◆ Aim of the task
Using the data below, set down every line from the one containing "Logo Robert Kemmetter" through the one containing "タイニーグリルの奇跡 – 鎌倉NaFroオフィシャルサイト", inclusive and unchanged. Pictures are to be skipped.

[Given data — start]

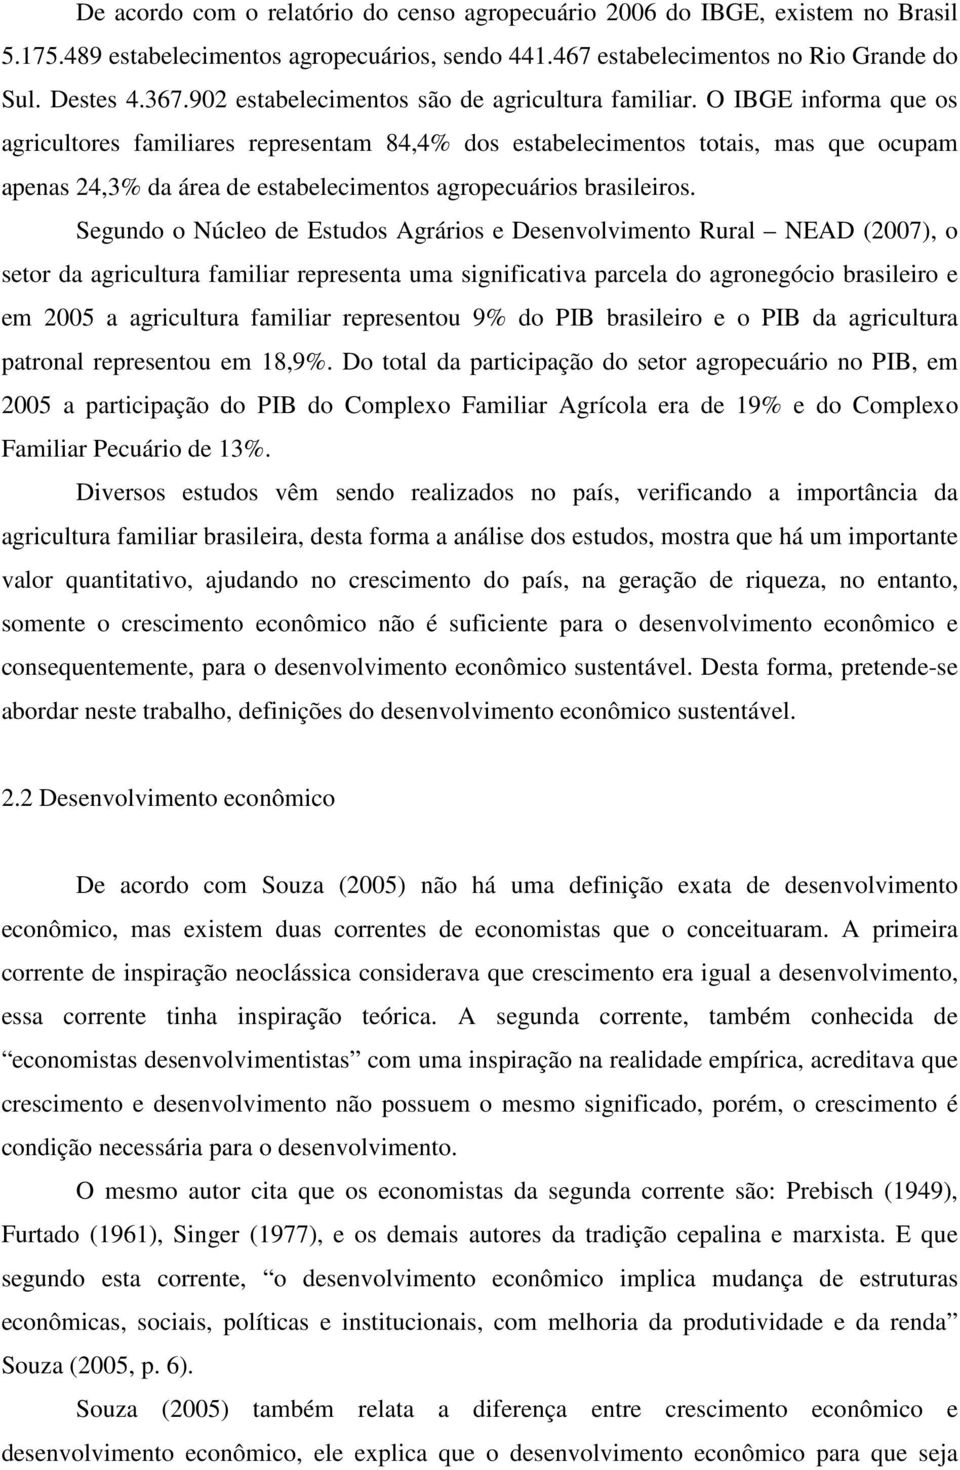 O IBGE informa que os agricultores familiares representam 84,4% dos estabelecimentos totais, mas que ocupam apenas 24,3% da área de estabelecimentos agropecuários brasileiros.
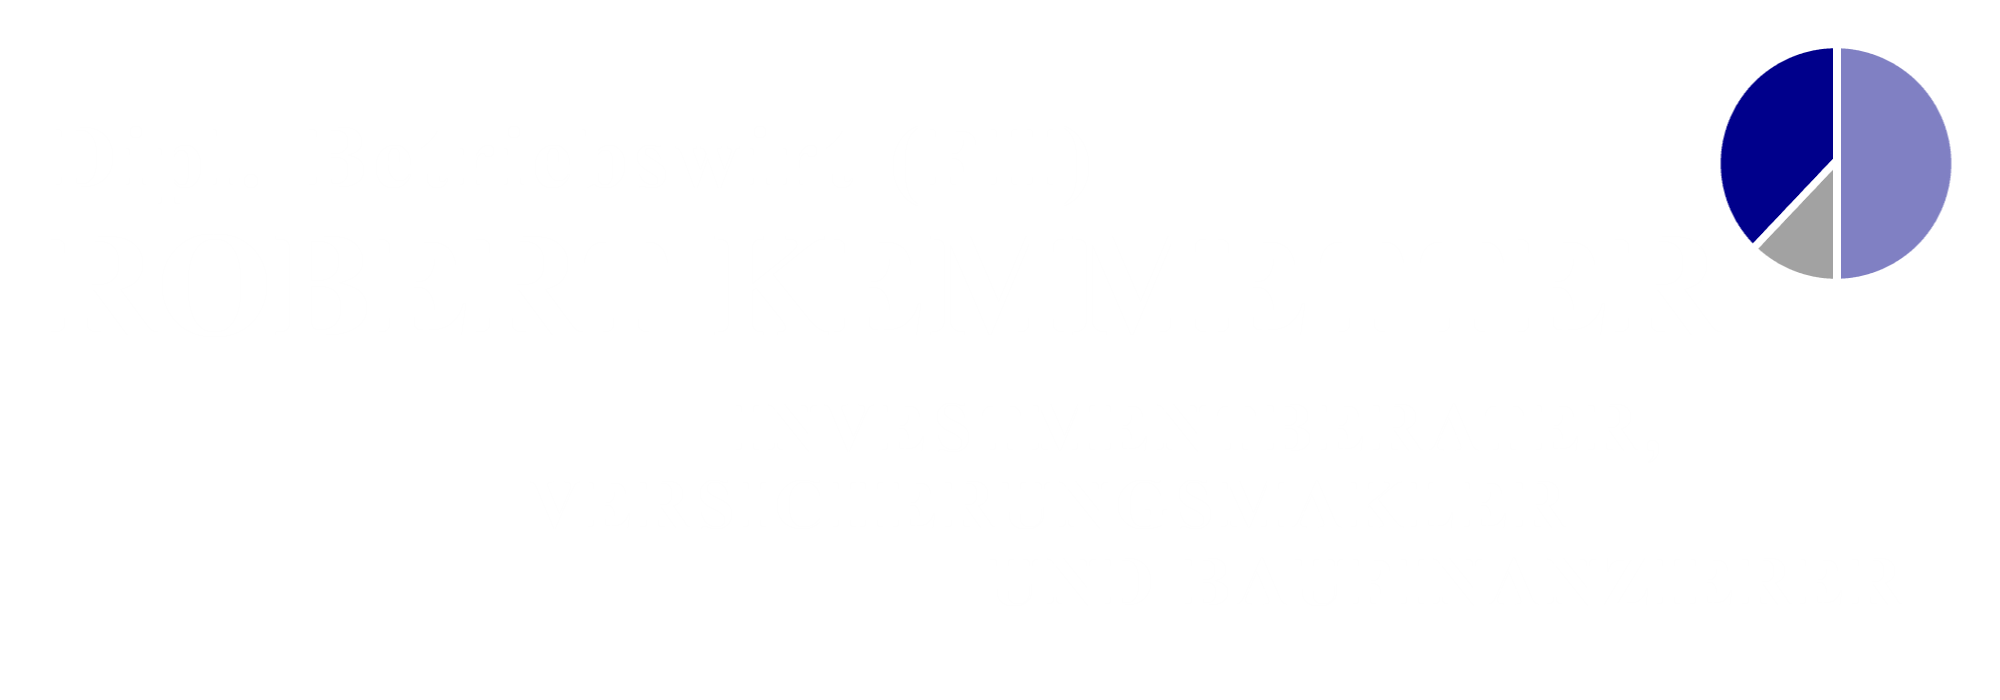 Logo Robert Kemmetter - Investmentberater, Versicherungsmakler und Baufinanzierer
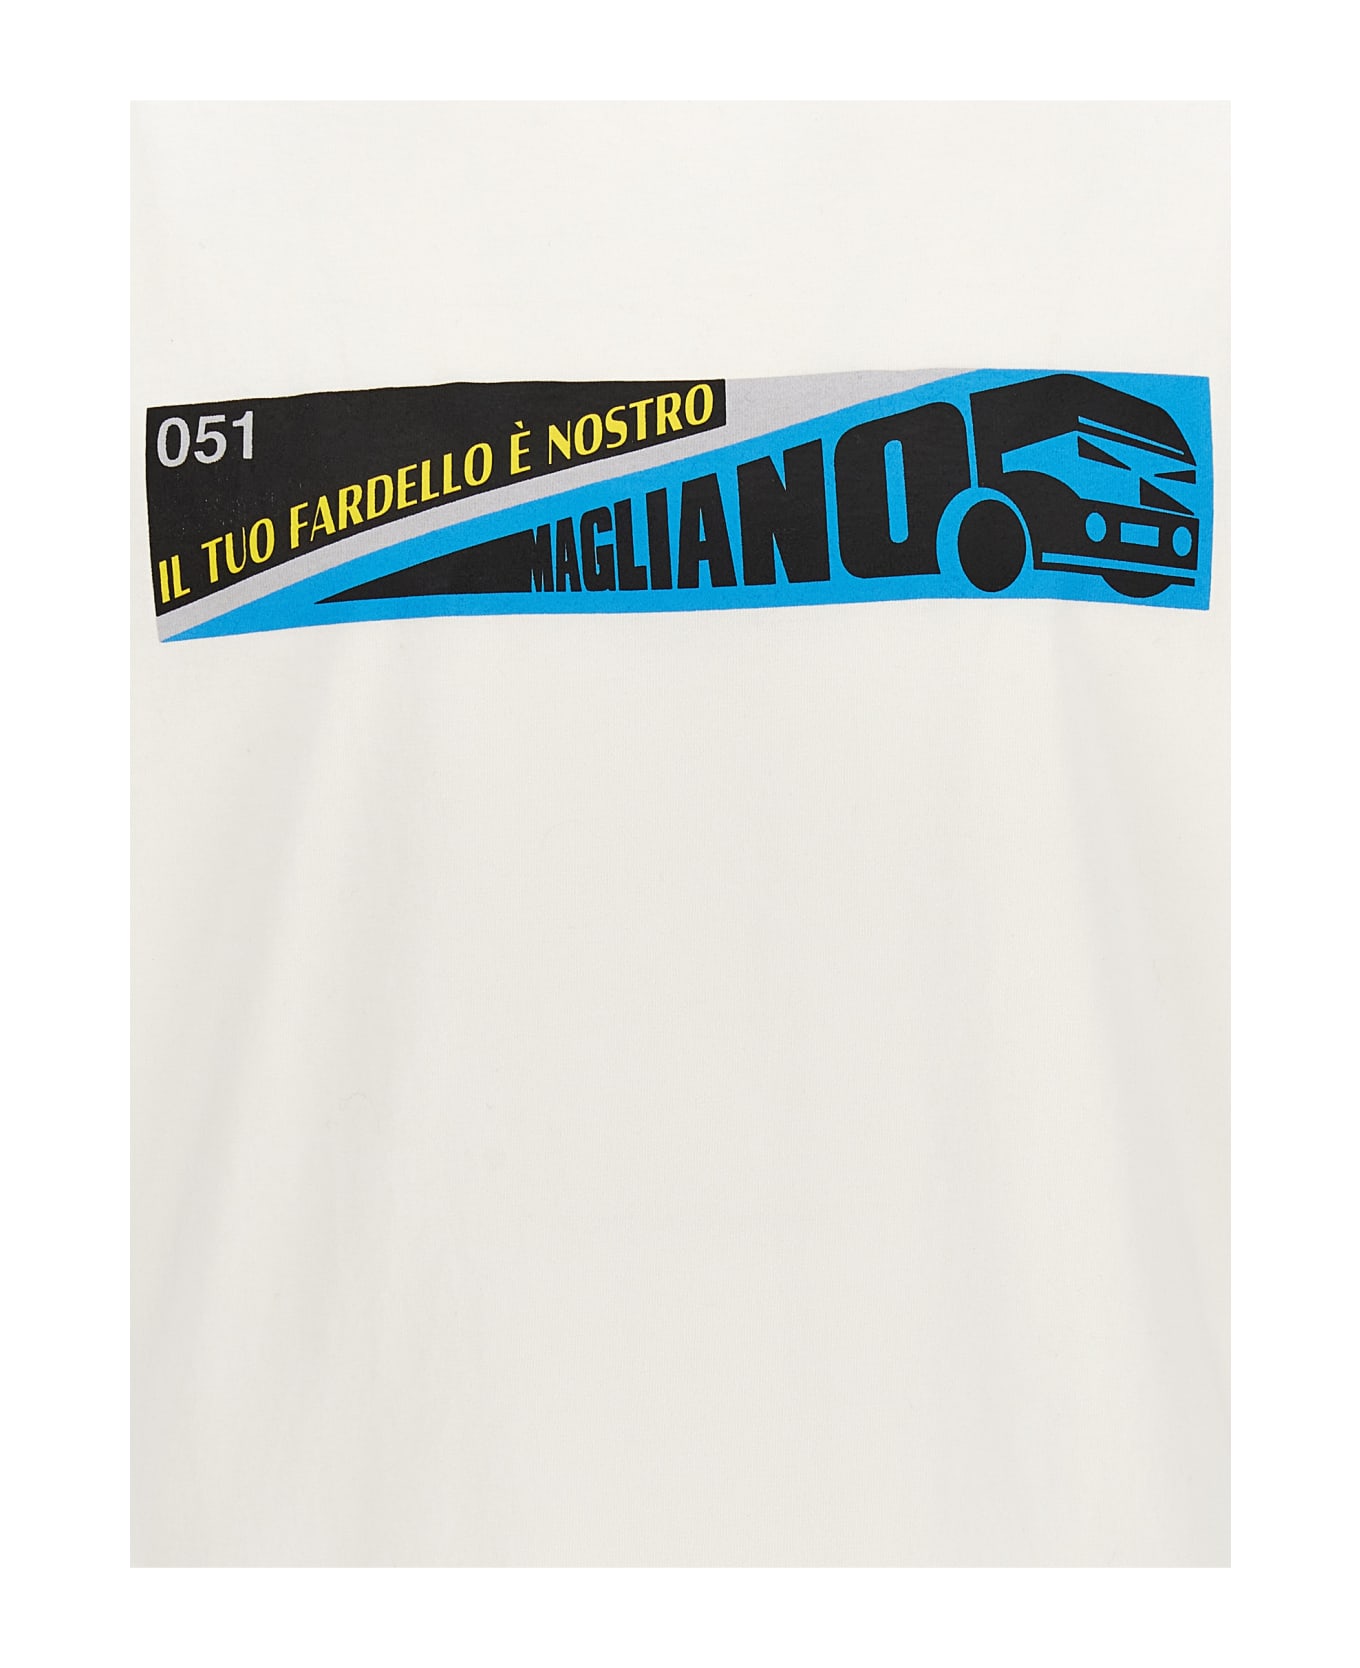 Magliano 'fardello' T-shirt - Bianco
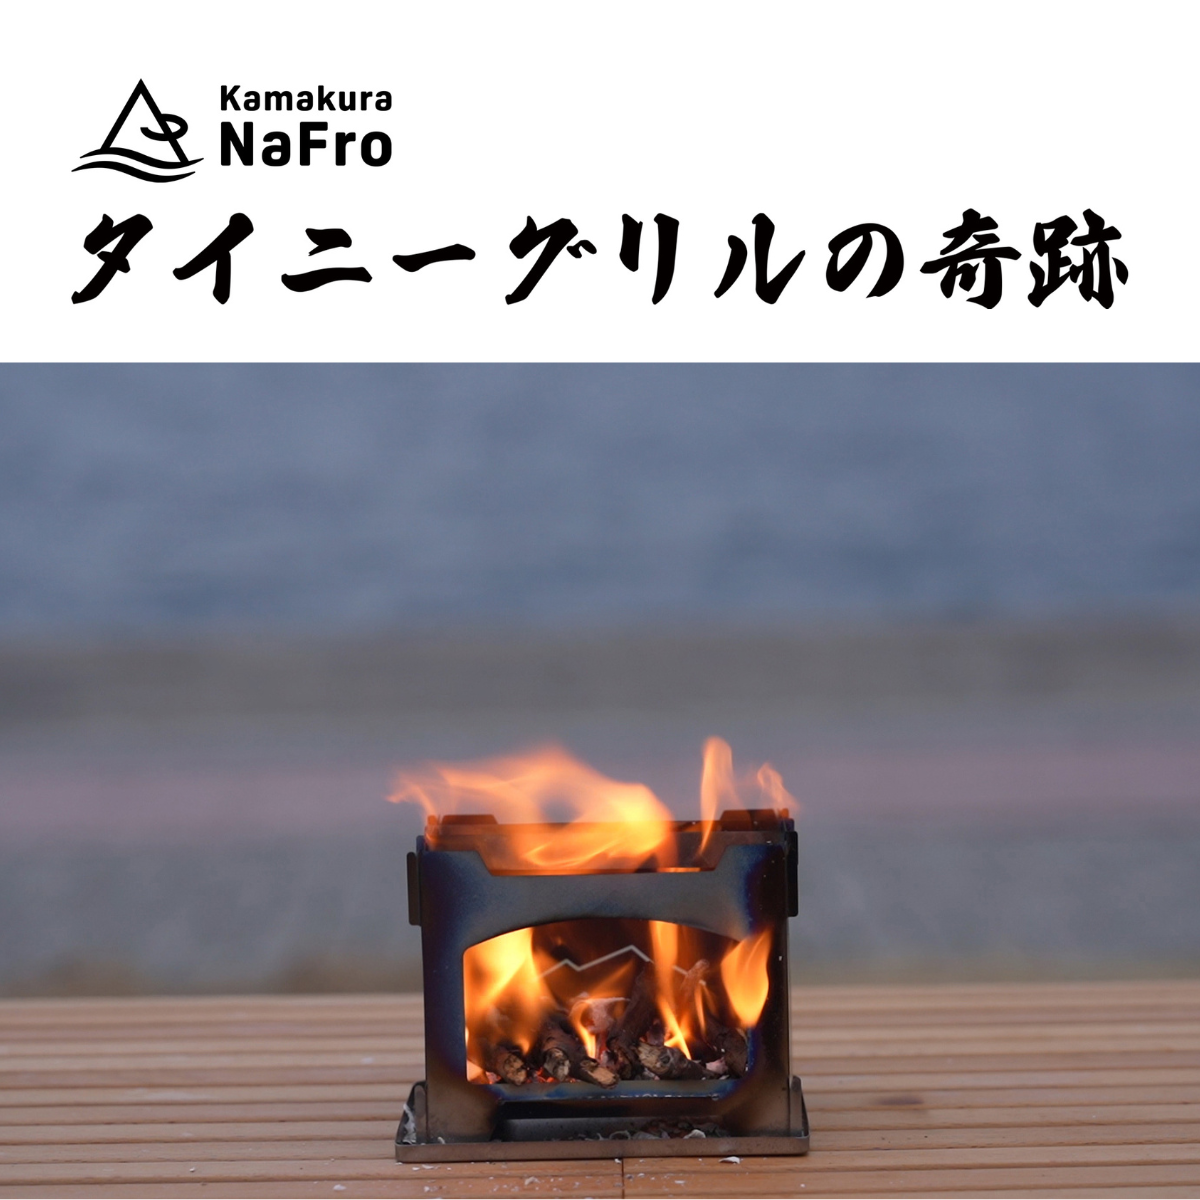 タイニーグリルの奇跡 – 鎌倉NaFroオフィシャルサイト
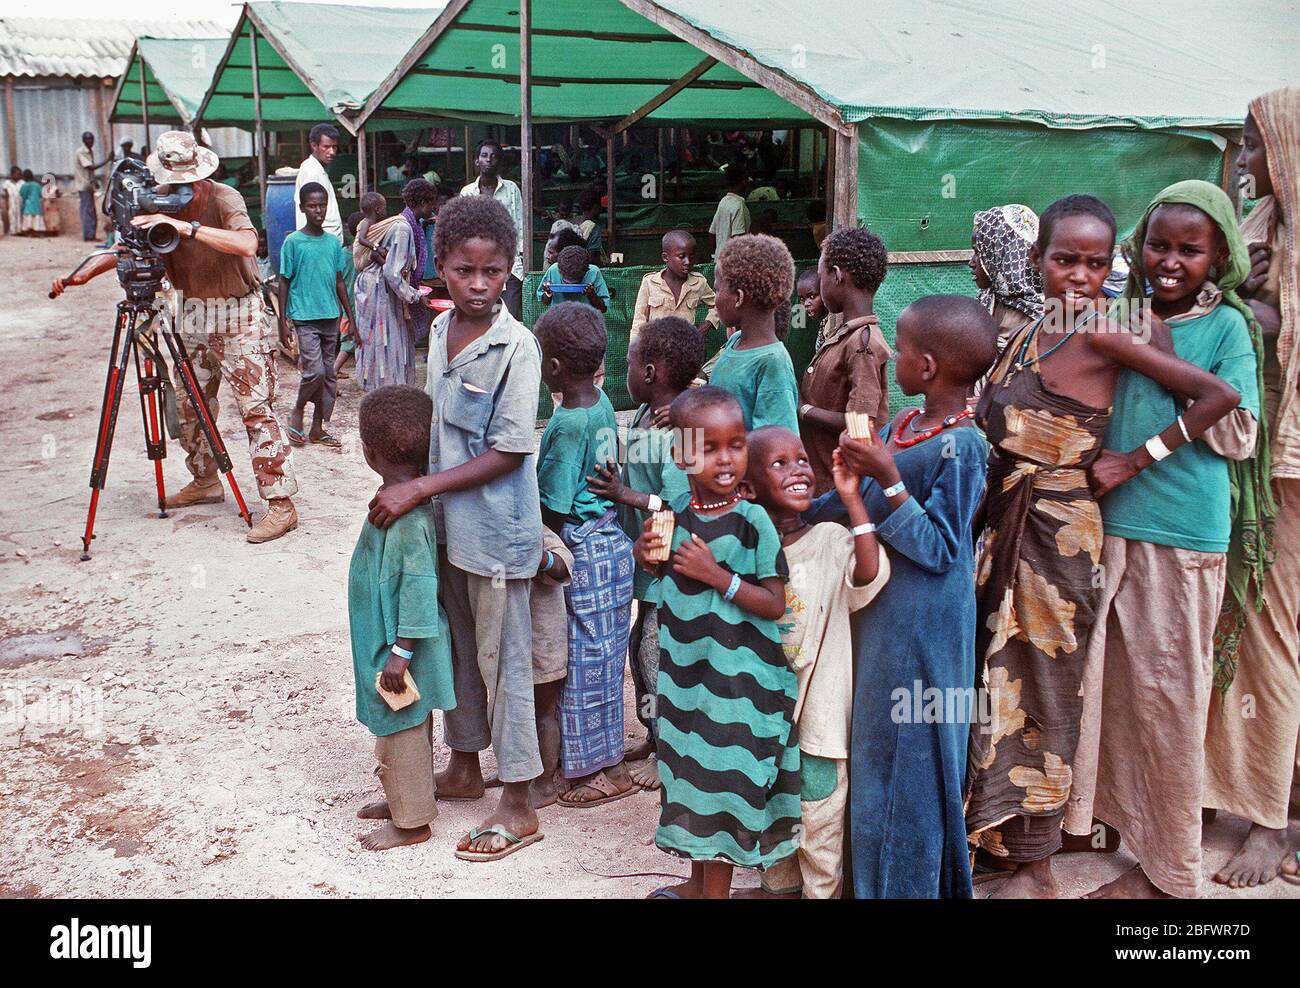 1993 - capo fotografo il compagno di Robert Sasek videotape somali allineando per un pasto presso la preoccupazione del centro di alimentazione durante la multinazionale soccorsi RESTORE HOPE. Il centro è gestito dagli irlandesi in rilievo la preoccupazione dell'organizzazione. Foto Stock

[Given data — finish]

◆ Solution to the exercise
 Logo Robert Kemmetter - Investmentberater, Versicherungsmakler und Baufinanzierer
 Magliano 'fardello' T-shirt - Bianco
 タイニーグリルの奇跡 – 鎌倉NaFroオフィシャルサイト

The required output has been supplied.